▸ What is being asked: Return, exactly and in full, the lines of the records below starting at the one with "Cerebrospinal fluid biomarkers" and ending at the one with "Democratic candidate for", and no other lines.

▸ Listed records:
----

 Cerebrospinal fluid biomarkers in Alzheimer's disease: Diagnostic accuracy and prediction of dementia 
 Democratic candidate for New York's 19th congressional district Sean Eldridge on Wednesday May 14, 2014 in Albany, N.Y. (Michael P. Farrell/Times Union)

----

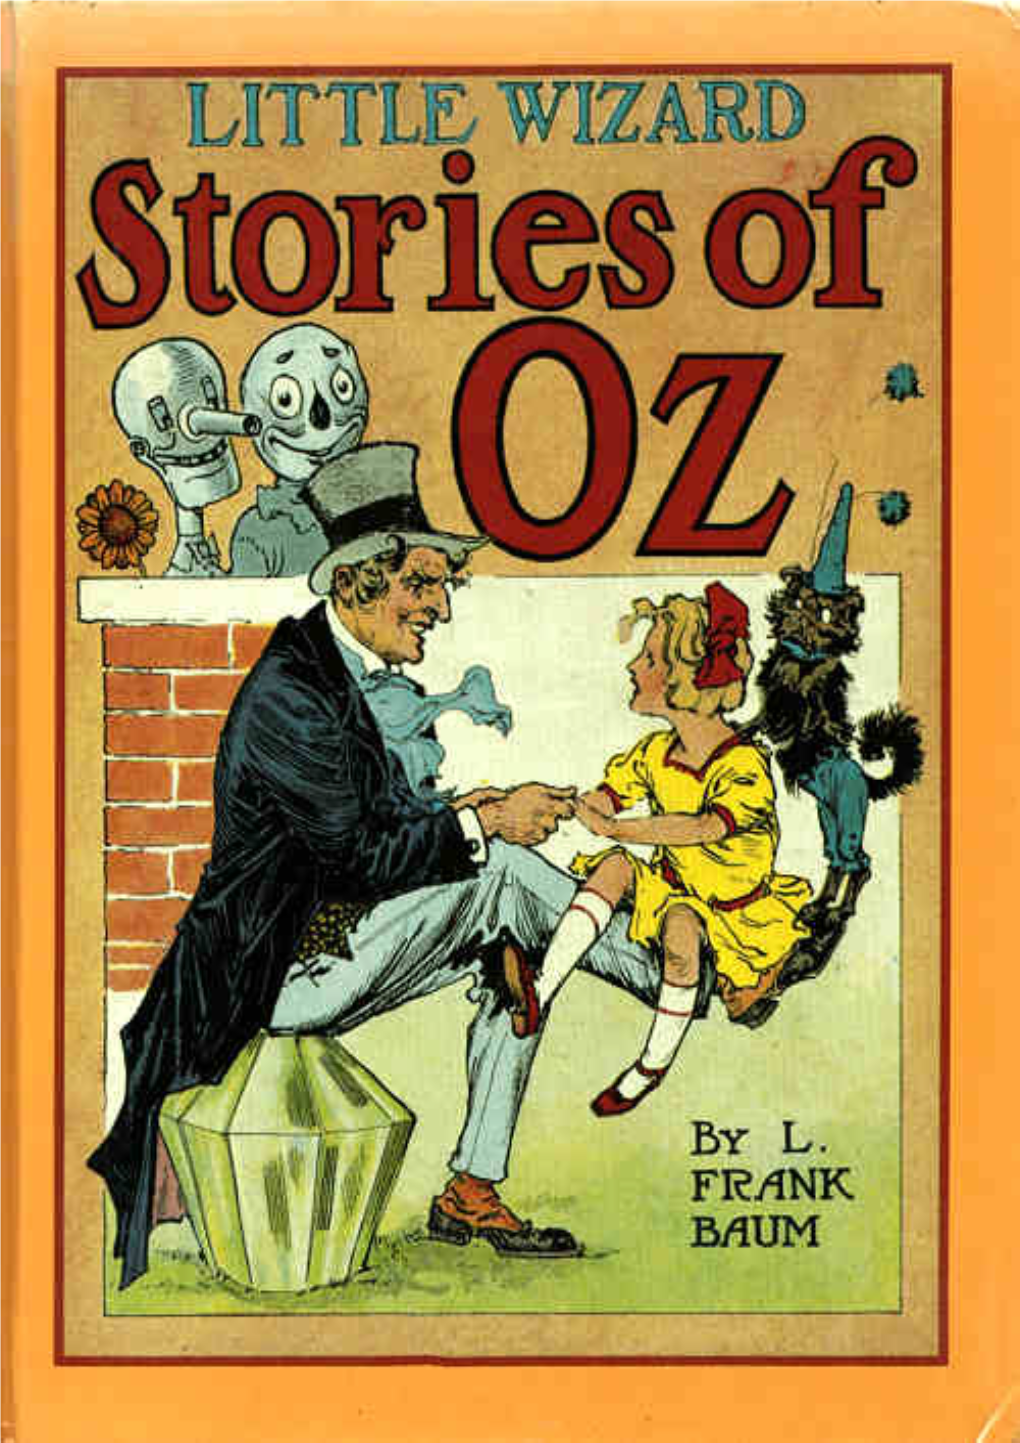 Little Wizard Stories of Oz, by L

----

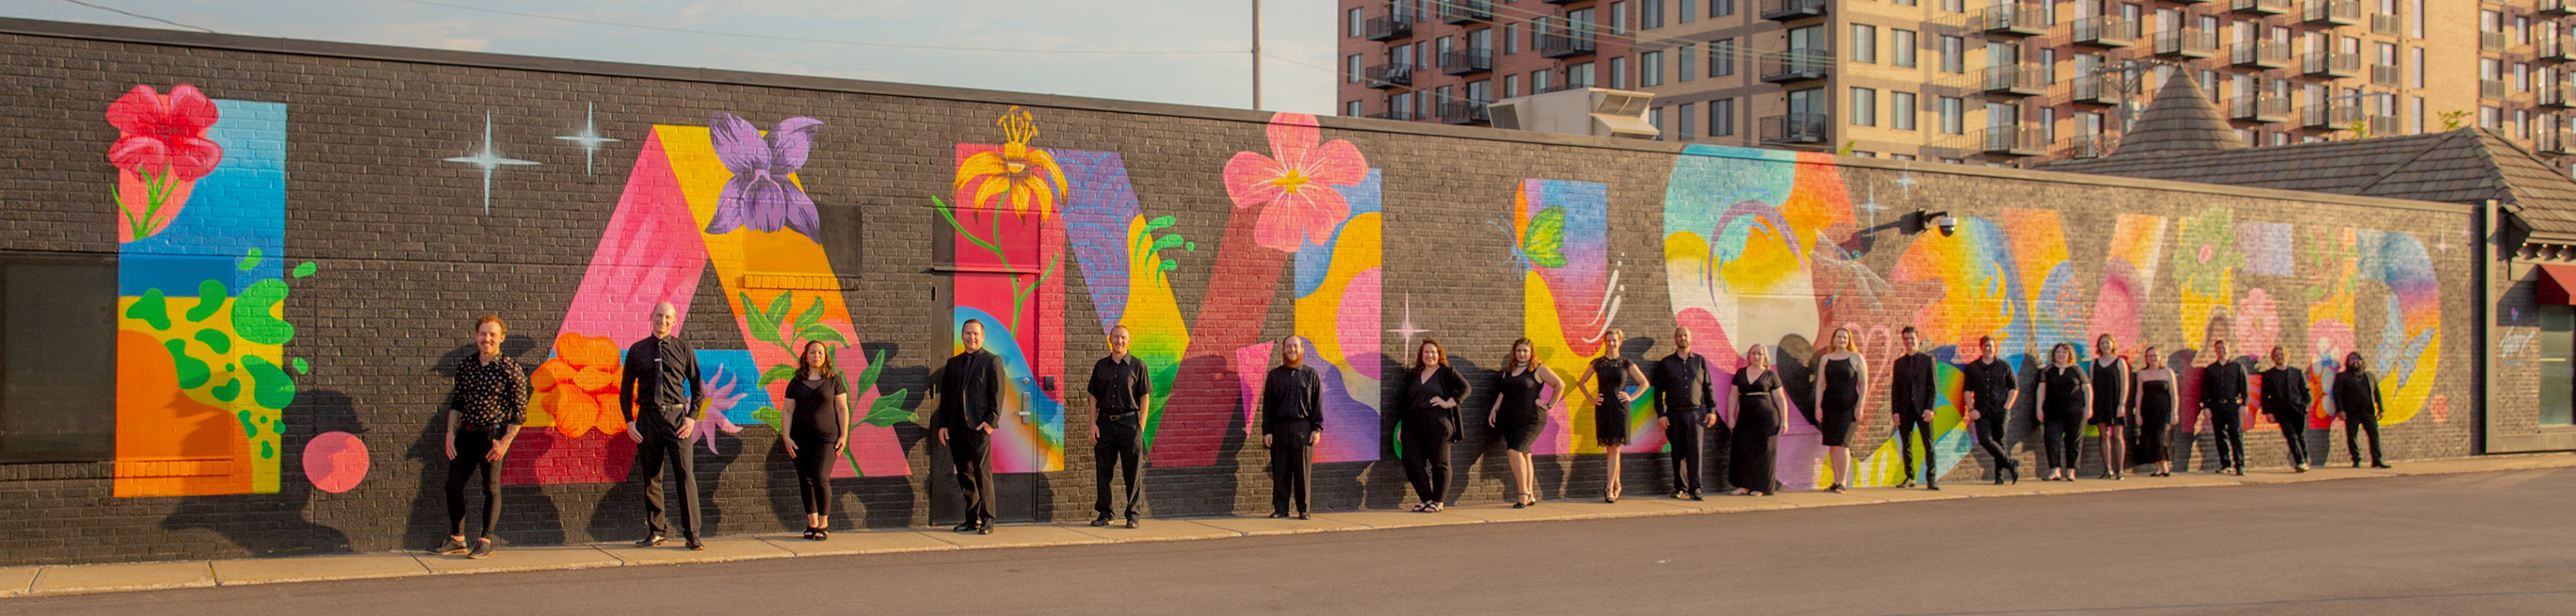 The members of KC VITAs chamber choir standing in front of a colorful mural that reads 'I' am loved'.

----

▸ Output:
 Cerebrospinal fluid biomarkers in Alzheimer's disease: Diagnostic accuracy and prediction of dementia 
 Democratic candidate for New York's 19th congressional district Sean Eldridge on Wednesday May 14, 2014 in Albany, N.Y. (Michael P. Farrell/Times Union)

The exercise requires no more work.